Your objective:
Your output should be the entries below, exact in every detail.
>>>>
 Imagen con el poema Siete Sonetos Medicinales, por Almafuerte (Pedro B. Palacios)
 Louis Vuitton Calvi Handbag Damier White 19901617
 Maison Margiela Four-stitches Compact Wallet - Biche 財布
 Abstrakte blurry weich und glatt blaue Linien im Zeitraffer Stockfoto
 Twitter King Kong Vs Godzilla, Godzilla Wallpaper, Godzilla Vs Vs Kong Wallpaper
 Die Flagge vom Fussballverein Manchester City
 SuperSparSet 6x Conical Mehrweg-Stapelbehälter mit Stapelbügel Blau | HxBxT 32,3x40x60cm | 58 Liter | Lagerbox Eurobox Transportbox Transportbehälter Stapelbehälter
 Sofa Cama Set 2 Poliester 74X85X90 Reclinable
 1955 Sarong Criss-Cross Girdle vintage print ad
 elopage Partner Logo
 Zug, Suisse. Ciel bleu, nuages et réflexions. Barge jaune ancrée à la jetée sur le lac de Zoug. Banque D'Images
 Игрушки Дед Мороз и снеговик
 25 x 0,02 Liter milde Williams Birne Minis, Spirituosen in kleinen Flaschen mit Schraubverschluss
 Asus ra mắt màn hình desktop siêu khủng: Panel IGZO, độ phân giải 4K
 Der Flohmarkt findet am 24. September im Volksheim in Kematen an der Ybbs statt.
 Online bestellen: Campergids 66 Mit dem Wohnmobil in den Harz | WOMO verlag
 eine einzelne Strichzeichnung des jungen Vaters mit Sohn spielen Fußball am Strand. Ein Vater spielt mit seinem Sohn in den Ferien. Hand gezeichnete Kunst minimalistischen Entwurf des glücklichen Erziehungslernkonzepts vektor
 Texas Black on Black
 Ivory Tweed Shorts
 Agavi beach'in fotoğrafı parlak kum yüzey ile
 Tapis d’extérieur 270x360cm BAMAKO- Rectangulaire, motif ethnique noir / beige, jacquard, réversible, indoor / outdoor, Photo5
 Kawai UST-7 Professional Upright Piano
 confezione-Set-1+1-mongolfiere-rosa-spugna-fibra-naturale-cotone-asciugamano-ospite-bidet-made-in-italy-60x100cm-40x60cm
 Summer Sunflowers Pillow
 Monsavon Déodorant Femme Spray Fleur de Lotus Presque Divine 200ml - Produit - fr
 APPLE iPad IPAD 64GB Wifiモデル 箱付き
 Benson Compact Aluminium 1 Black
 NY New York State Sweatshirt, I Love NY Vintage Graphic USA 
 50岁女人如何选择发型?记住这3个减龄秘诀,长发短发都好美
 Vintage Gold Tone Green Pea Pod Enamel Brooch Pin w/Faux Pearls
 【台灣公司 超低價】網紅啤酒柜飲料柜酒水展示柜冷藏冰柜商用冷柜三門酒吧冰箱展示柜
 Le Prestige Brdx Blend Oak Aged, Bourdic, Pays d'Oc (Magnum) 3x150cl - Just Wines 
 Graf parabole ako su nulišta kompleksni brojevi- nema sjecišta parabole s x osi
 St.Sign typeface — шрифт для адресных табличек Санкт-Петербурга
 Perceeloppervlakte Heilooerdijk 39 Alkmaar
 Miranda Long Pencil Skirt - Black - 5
<<<<
Output for this task:
 Imagen con el poema Siete Sonetos Medicinales, por Almafuerte (Pedro B. Palacios)
 Louis Vuitton Calvi Handbag Damier White 19901617
 Maison Margiela Four-stitches Compact Wallet - Biche 財布
 Abstrakte blurry weich und glatt blaue Linien im Zeitraffer Stockfoto
 Twitter King Kong Vs Godzilla, Godzilla Wallpaper, Godzilla Vs Vs Kong Wallpaper
 Die Flagge vom Fussballverein Manchester City
 SuperSparSet 6x Conical Mehrweg-Stapelbehälter mit Stapelbügel Blau | HxBxT 32,3x40x60cm | 58 Liter | Lagerbox Eurobox Transportbox Transportbehälter Stapelbehälter
 Sofa Cama Set 2 Poliester 74X85X90 Reclinable
 1955 Sarong Criss-Cross Girdle vintage print ad
 elopage Partner Logo
 Zug, Suisse. Ciel bleu, nuages et réflexions. Barge jaune ancrée à la jetée sur le lac de Zoug. Banque D'Images
 Игрушки Дед Мороз и снеговик
 25 x 0,02 Liter milde Williams Birne Minis, Spirituosen in kleinen Flaschen mit Schraubverschluss
 Asus ra mắt màn hình desktop siêu khủng: Panel IGZO, độ phân giải 4K
 Der Flohmarkt findet am 24. September im Volksheim in Kematen an der Ybbs statt.
 Online bestellen: Campergids 66 Mit dem Wohnmobil in den Harz | WOMO verlag
 eine einzelne Strichzeichnung des jungen Vaters mit Sohn spielen Fußball am Strand. Ein Vater spielt mit seinem Sohn in den Ferien. Hand gezeichnete Kunst minimalistischen Entwurf des glücklichen Erziehungslernkonzepts vektor
 Texas Black on Black
 Ivory Tweed Shorts
 Agavi beach'in fotoğrafı parlak kum yüzey ile
 Tapis d’extérieur 270x360cm BAMAKO- Rectangulaire, motif ethnique noir / beige, jacquard, réversible, indoor / outdoor, Photo5
 Kawai UST-7 Professional Upright Piano
 confezione-Set-1+1-mongolfiere-rosa-spugna-fibra-naturale-cotone-asciugamano-ospite-bidet-made-in-italy-60x100cm-40x60cm
 Summer Sunflowers Pillow
 Monsavon Déodorant Femme Spray Fleur de Lotus Presque Divine 200ml - Produit - fr
 APPLE iPad IPAD 64GB Wifiモデル 箱付き
 Benson Compact Aluminium 1 Black
 NY New York State Sweatshirt, I Love NY Vintage Graphic USA 
 50岁女人如何选择发型?记住这3个减龄秘诀,长发短发都好美
 Vintage Gold Tone Green Pea Pod Enamel Brooch Pin w/Faux Pearls
 【台灣公司 超低價】網紅啤酒柜飲料柜酒水展示柜冷藏冰柜商用冷柜三門酒吧冰箱展示柜
 Le Prestige Brdx Blend Oak Aged, Bourdic, Pays d'Oc (Magnum) 3x150cl - Just Wines 
 Graf parabole ako su nulišta kompleksni brojevi- nema sjecišta parabole s x osi
 St.Sign typeface — шрифт для адресных табличек Санкт-Петербурга
 Perceeloppervlakte Heilooerdijk 39 Alkmaar
 Miranda Long Pencil Skirt - Black - 5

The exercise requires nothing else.